The No Surprises Act eliminates once and for all the need for air medical memberships. This eliminates the pressure of receiving a large air medical bill. Plus, this new legislation and continued progress reaching in-network agreements show there is no need for any consumer to buy – or for any air medical service to sell – memberships. And if air medical companies say a memebrship is important to help with  copays and deductibles, we must question their commitment to actually going in-network and protecting all patients, not just those who pay more.

While Air Methods welcomes efforts by Congress to address surprise billing by passing the No Surprises Act, we still strongly believe that going in-network is the best solution to balance bills. We plan to continue our efforts to partner with any insurance company willing to negotiate in good faith. And when we finally get UnitedHealthCare, Aetna, and Cigna to resume negotiations with Air Methods to secure in-network partnerships and agree to fair reimbursement rates, our patients, who are their customers, will be taken completely out of the middle of the billing process.

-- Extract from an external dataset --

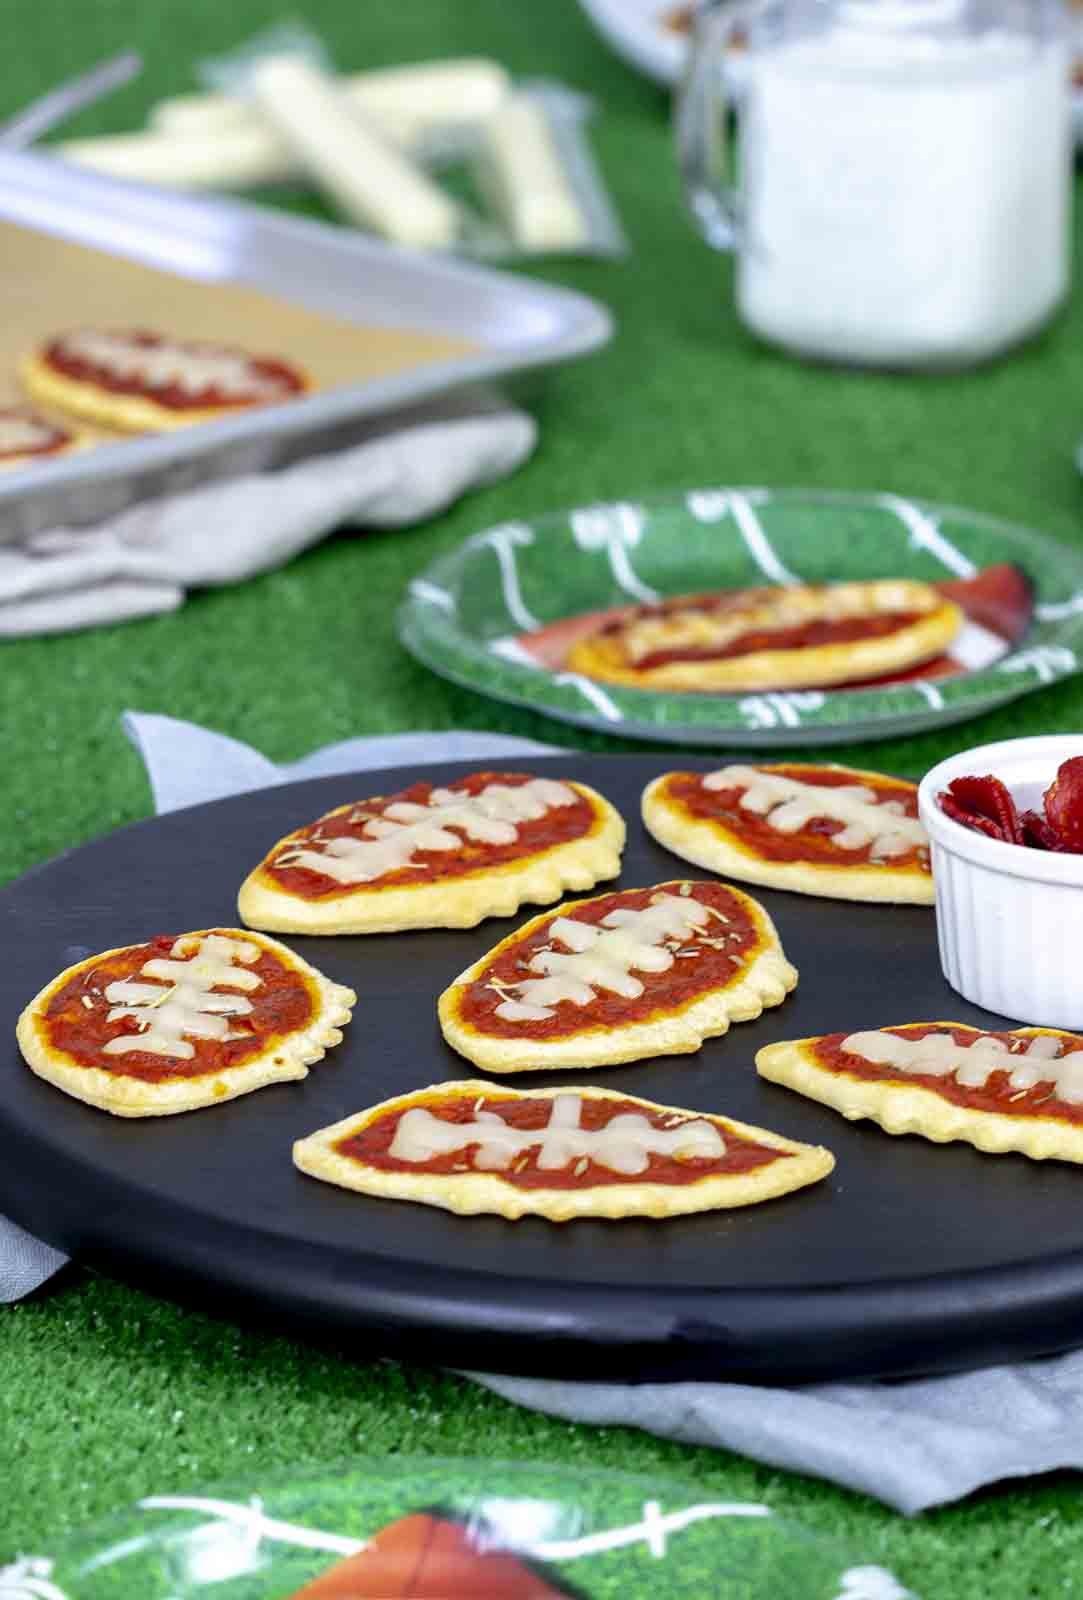 Mini pizza footballs on cutting board with football backdrop.

The arsonist as firefighter sales tactic utilized to sell air ambulance memberships puts undue pressure on patients and doesn’t fully disclose the financial terms of the product they are purchasing, or the fact that it isn’t needed. This creates unnecessary and dangerous pressure on the patient to delay their care and wait for their “free” air ambulance transport based on whatever membership they might hold. It is a risk that patients who need time-sensitive air ambulance transport cannot afford to take. We encourage all air medical services that offer membership programs to end them, refund Medicare enrollees who never needed them, and adopt more effective practices. Also, we are supporting, and asking insurance companies and other medical providers to do the same, the effort at the National Council of Insurance Legislators (NCOIL) to regulate air medical memberships as supplemental insurance to ensure there is oversight of these products and that the patient is covered regardless of air medical service provider.

It is time for the air medical industry to evolve.